Максим пошарил под ящиком и бросил в темноту ботинок.
– Не попал, мазила! – светловолосый контрабандист был хорошо виден даже при тусклом освещении. – А носок сохранил?
– На шее ношу, как амулет, – буркнул Максим, отворачиваясь.
– Носи, носи… Говорят, от мутантов хорошо помогает.
– Слушай, что ты все время так веселишься? – Максим был рад, что Скиф цел и невредим, но еще хорошо помнил, во что обошлась помощь приятелю, который и спасибо, кстати, не сказал. И повода для веселья он сейчас никакого не видел.
– А чего грустить? Я жив, ты жив. Жизнь-то налаживается. Спасибо, браток!
Никита вдруг хихикнул, а в ответ на удивленные взгляды пояснил:
– Анекдот есть. Ползет боец по полю битвы, вдруг его кто-то окликнул: «Эй, браток, помоги!» Он оглядывается, видит тяжелораненого, которому уже не поможешь. Тот просит его добить. Боец оправдывается: патроны закончились, нож потерялся.

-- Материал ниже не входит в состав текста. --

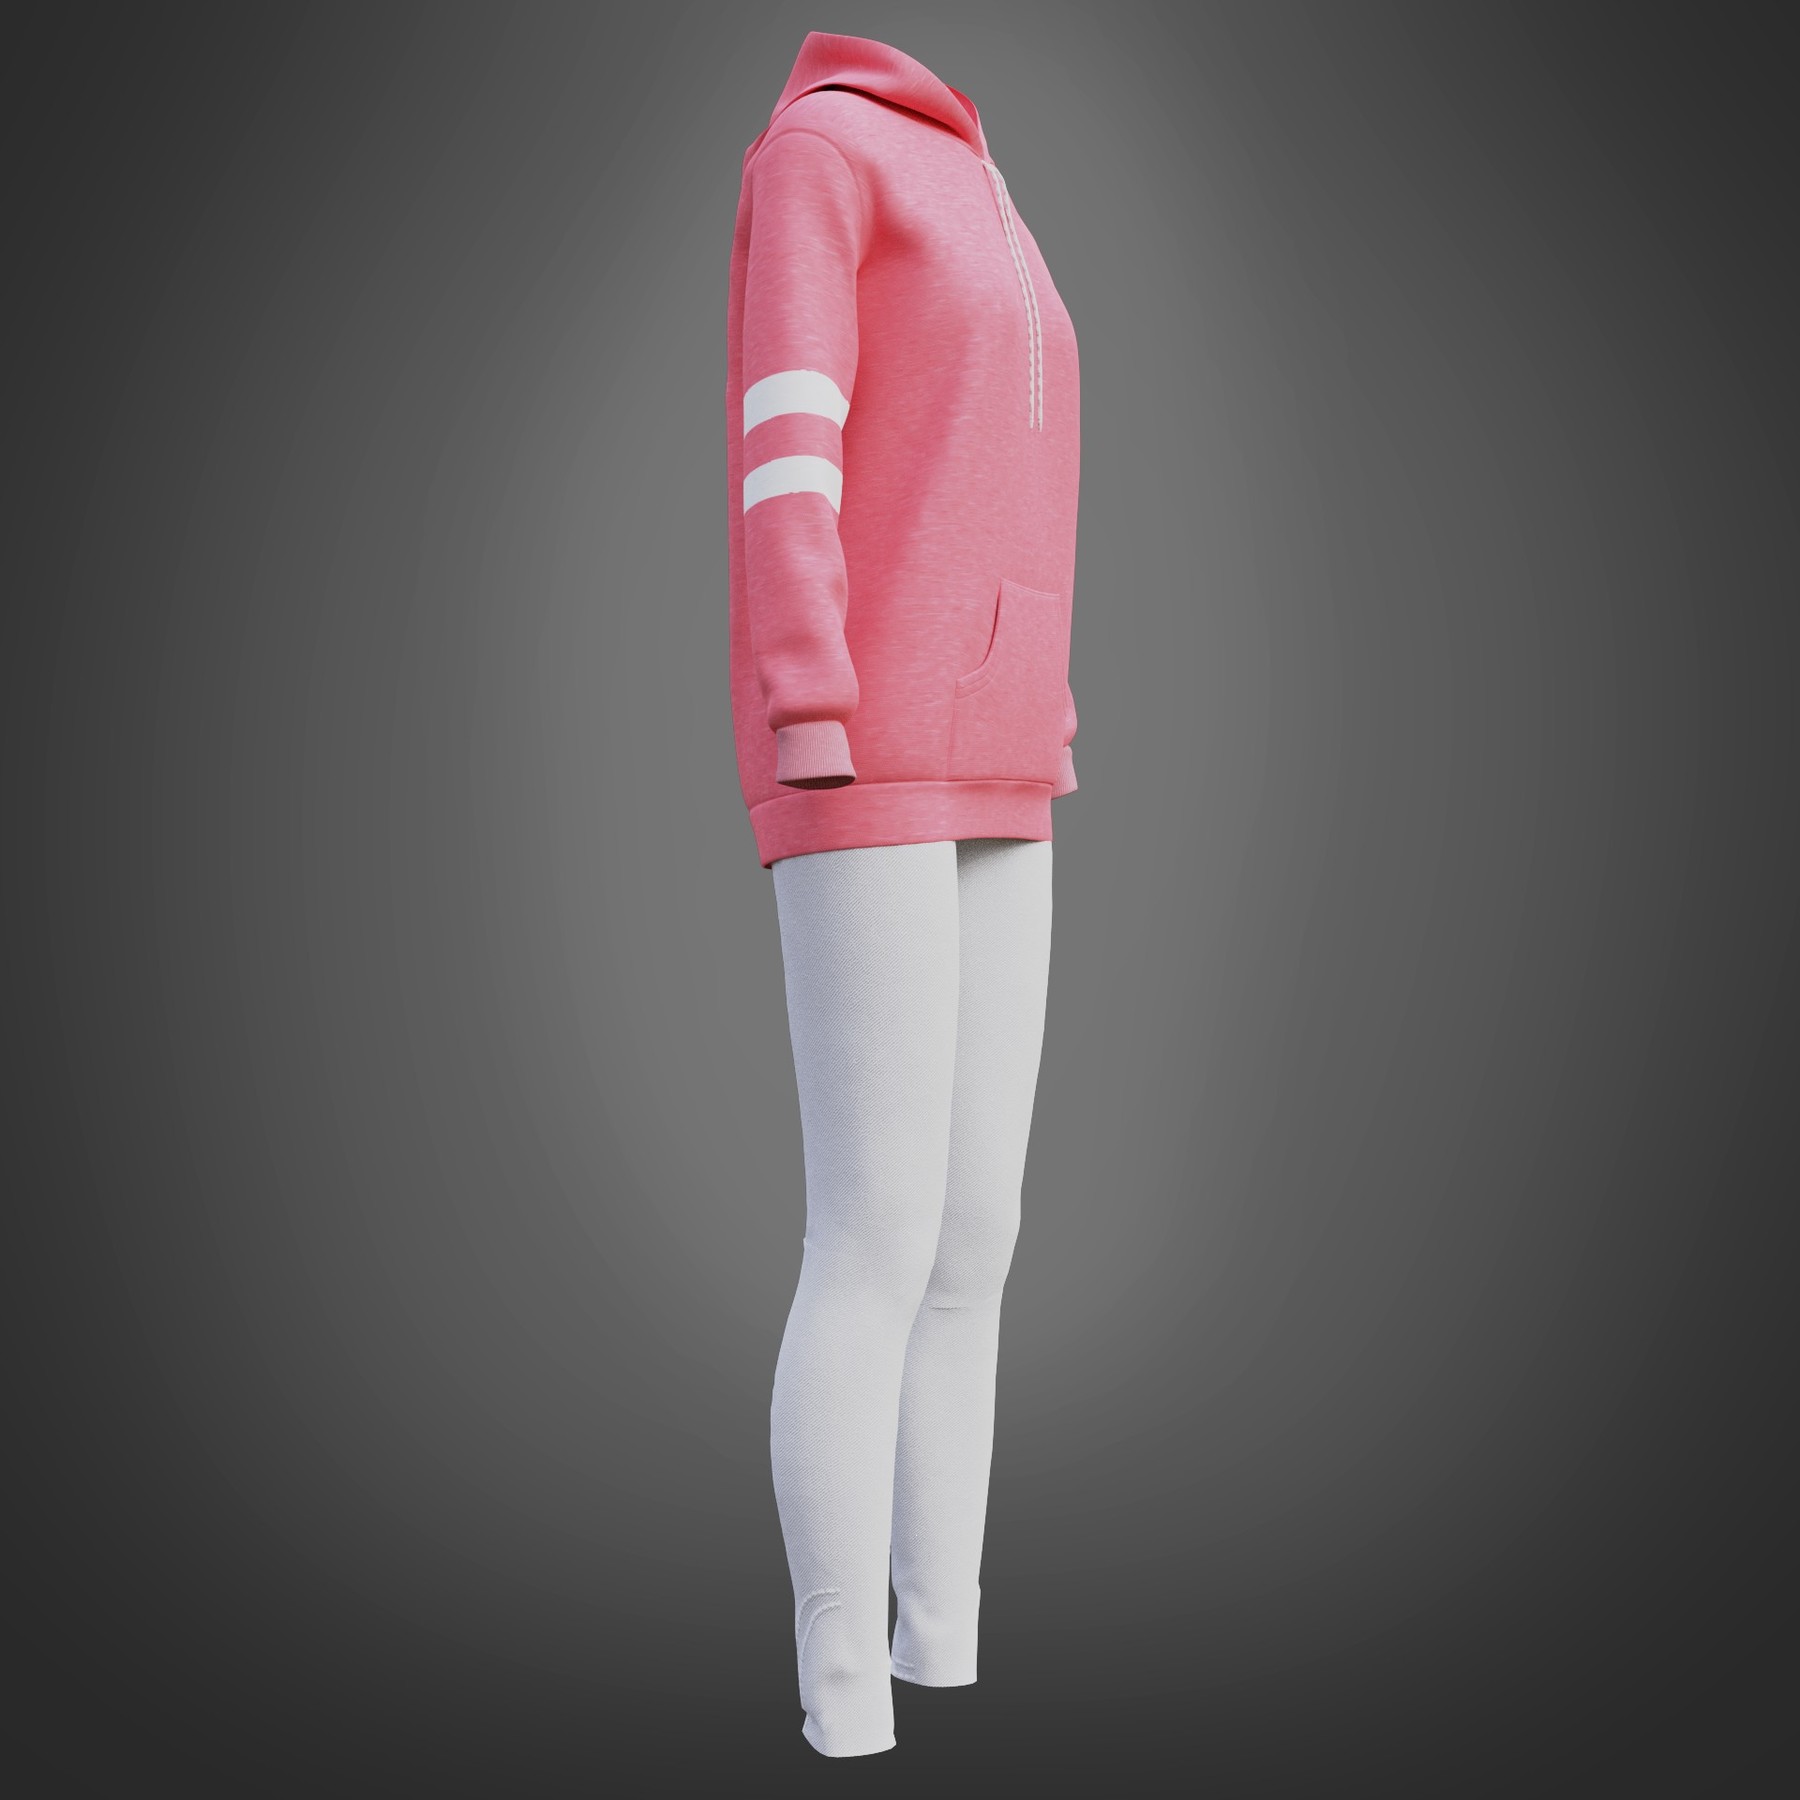 ArtStation - Cute - 3D leggings oversized Assets | Model pink and Game hoodie outfit

Вот только граната осталась… Бросает гранату, взрыв, кровь во все стороны и тихий голос: «Спасибо, браток!»
Скиф смеялся до колик в животе, Максим уже не раз слышал этот анекдот, поэтому вежливо улыбался, ожидая, когда его «названный брат» придет в себя, тот утер слезы:
– Чудо-то какое! Заговорил наш Герасим!
Никита плюнул и ушел за дрезину, проверяя груз. Смешинка мгновенно исчезла из глаз Скифа, он шагнул к Максиму:
– Слушай внимательно: я тебе должен. Долгов не люблю. И могу сейчас увезти тебя отсюда к чертям собачьим! Согласен? – не дожидаясь ответа, энергичным кивком сам подтвердил свои слова. – Согласен. Только не говори мне, как барышня, что не готов, и надо еще вещи собирать. Нет у тебя ничего, и в Полисе делать нечего.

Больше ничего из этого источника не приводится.